I am pleased that my post remained in place, I was half expecting it to be taken down, and I am even more pleased with Mr Young submitting this article.
This site has come of age in my view. And I am very grateful.
Trying to short-circuit new drug trials is just bad science, to do it with drugs using novel techniques is bordering on criminal. However the real crimes are committed by those who use state apparatus and mass media to push their emergency use for a diseases with a 0.23% IFR. There might just be some plausible excuse for offering them to the ‘at risk’ group, but not to the general public. To consider using the same use of pressure to inject children is akin to the Nazi experimentations, the death sentance to the perpetrators should not be ruled out.
Thank you Mark and to Toby for publishing this excellent article.
I worked in HIV prevention and harm reduction in a drugs and alcohol team in the early 1990s and experienced all the prejudice faced by this service user group. Your description of treating the HIV positive person moved me to tears as I remembered how grateful people shunned by the rest of society were for the simple kindness shown them from our small team.
I feel fearful that mass vaccination under heavy coercion may lead to problems. I so hope people with knowledge in this area will be able to speak out and be heard. I believe there will be people of integrity that will do so.
For myself I am certain I had covid in March 2020 so why would I need a vaccine. I have some allergies indicative of Polyethylene glycol PEG antibodies. I don’t feel at risk from covid but I do fear a reaction to the current vaccines. When I can read considered research I feel I can make an informed choice, until then I will resist with dogged determination this Governments hard drive to vaccinate everyone. What they have done to our country this last year leaves me with little Trust in their medication offer.
I’m a healthy 72-year old retired family physician and, in a former career, scientist. I will not be vaccinated. My husband who is 84 was vaccinated last week. As we’ve done with all things throughout the 47 years of our marriage, we respect each other’s choice.
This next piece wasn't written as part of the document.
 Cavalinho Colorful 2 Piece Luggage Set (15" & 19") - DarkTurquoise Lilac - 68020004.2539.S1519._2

I strongly believe that vaccination passports/certificates will be required in the future for people to be allowed to engage in activities as ordinary as eating in a restaurant, using the library, or driving across the border. As a consequence of their choice to not be vaccinated, people will be barred from these activities. As a matter of principle, I object to this.
Personally, it won’t make much of a difference. Lockdown has already deprived me of my right to engage in these activities – and of much more – for a whole year. I have coped by developing a new way of life. While I’ve always enjoyed my own company and am not extrovert, I also liked being among people when I chose to. The closures and the mask mandate (to which I did not comply) made me dislike the company of others. I slowly gave up being among people. It was hard, but I managed it. I am now a (if not happy) content recluse.
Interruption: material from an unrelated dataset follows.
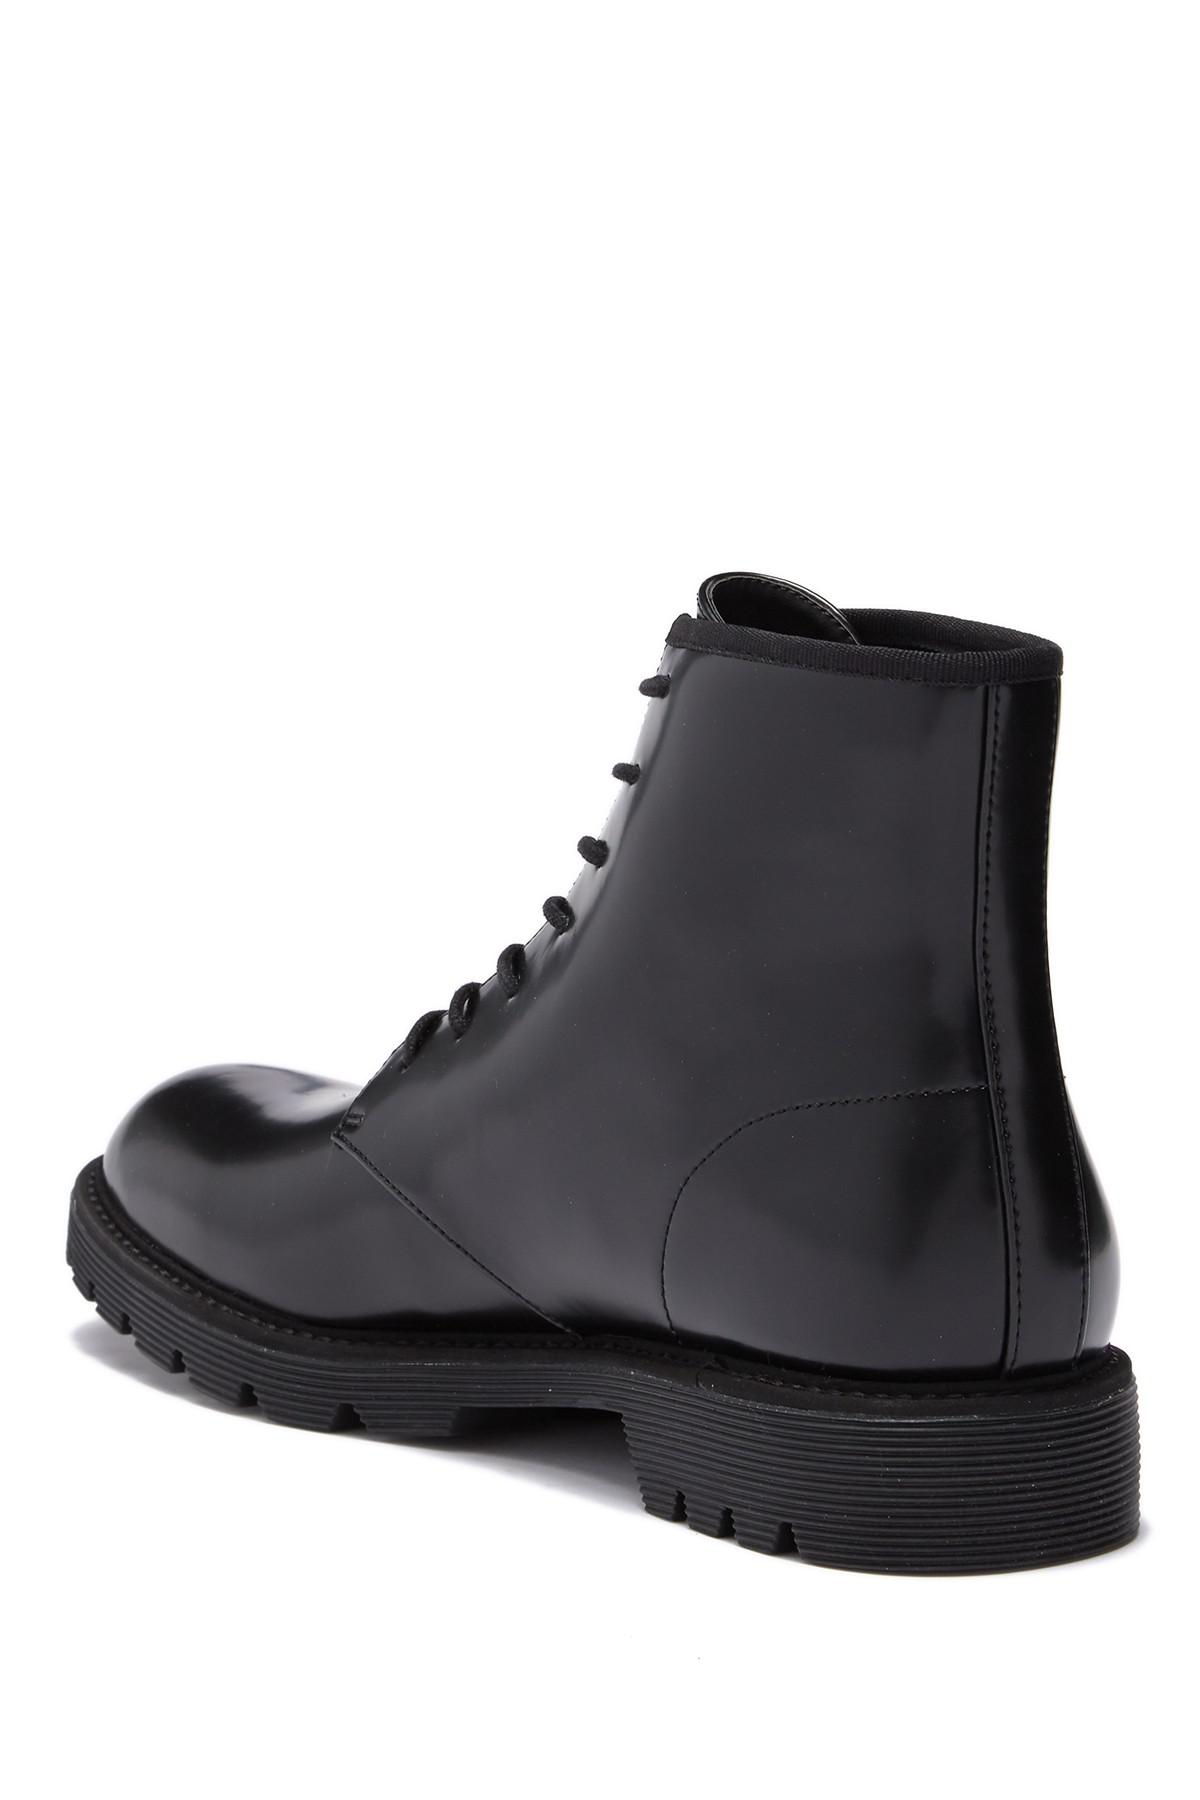 Calvin Klein Fenton Box Leather Boot in

I now face a (moral) dilemma. My husband and I have always enjoyed doing things together. I know he will not be interested in going alone to a restaurant for dinner, or to see play, or to visit a museum. Because I will not be allowed to accompany him, he will forgo these. If I truly love my husband (and I do), what right do I have to – however indirectly – impose such limitations on his few remaining years ? On the other hand, would I not be letting myself down by going along with something I know has no medical or scientific justification, something I know to be just a mascarade ? I don’t know what will be my final decision.
Thank you for sharing such a thoughtful response to a fantastic post – I’m sure you will find a way through. In my view you have done the most important thing, which is to pause and reflect. There is no need to decide anything while we remain in lockdown. I believe that if more people did this the charade would soon be over…..
Thank you for this article Mark, as a fellow ‘fang farrier’ (and a bit more, and also retired) your conclusions mirror my own with uncanny precision. Good to read.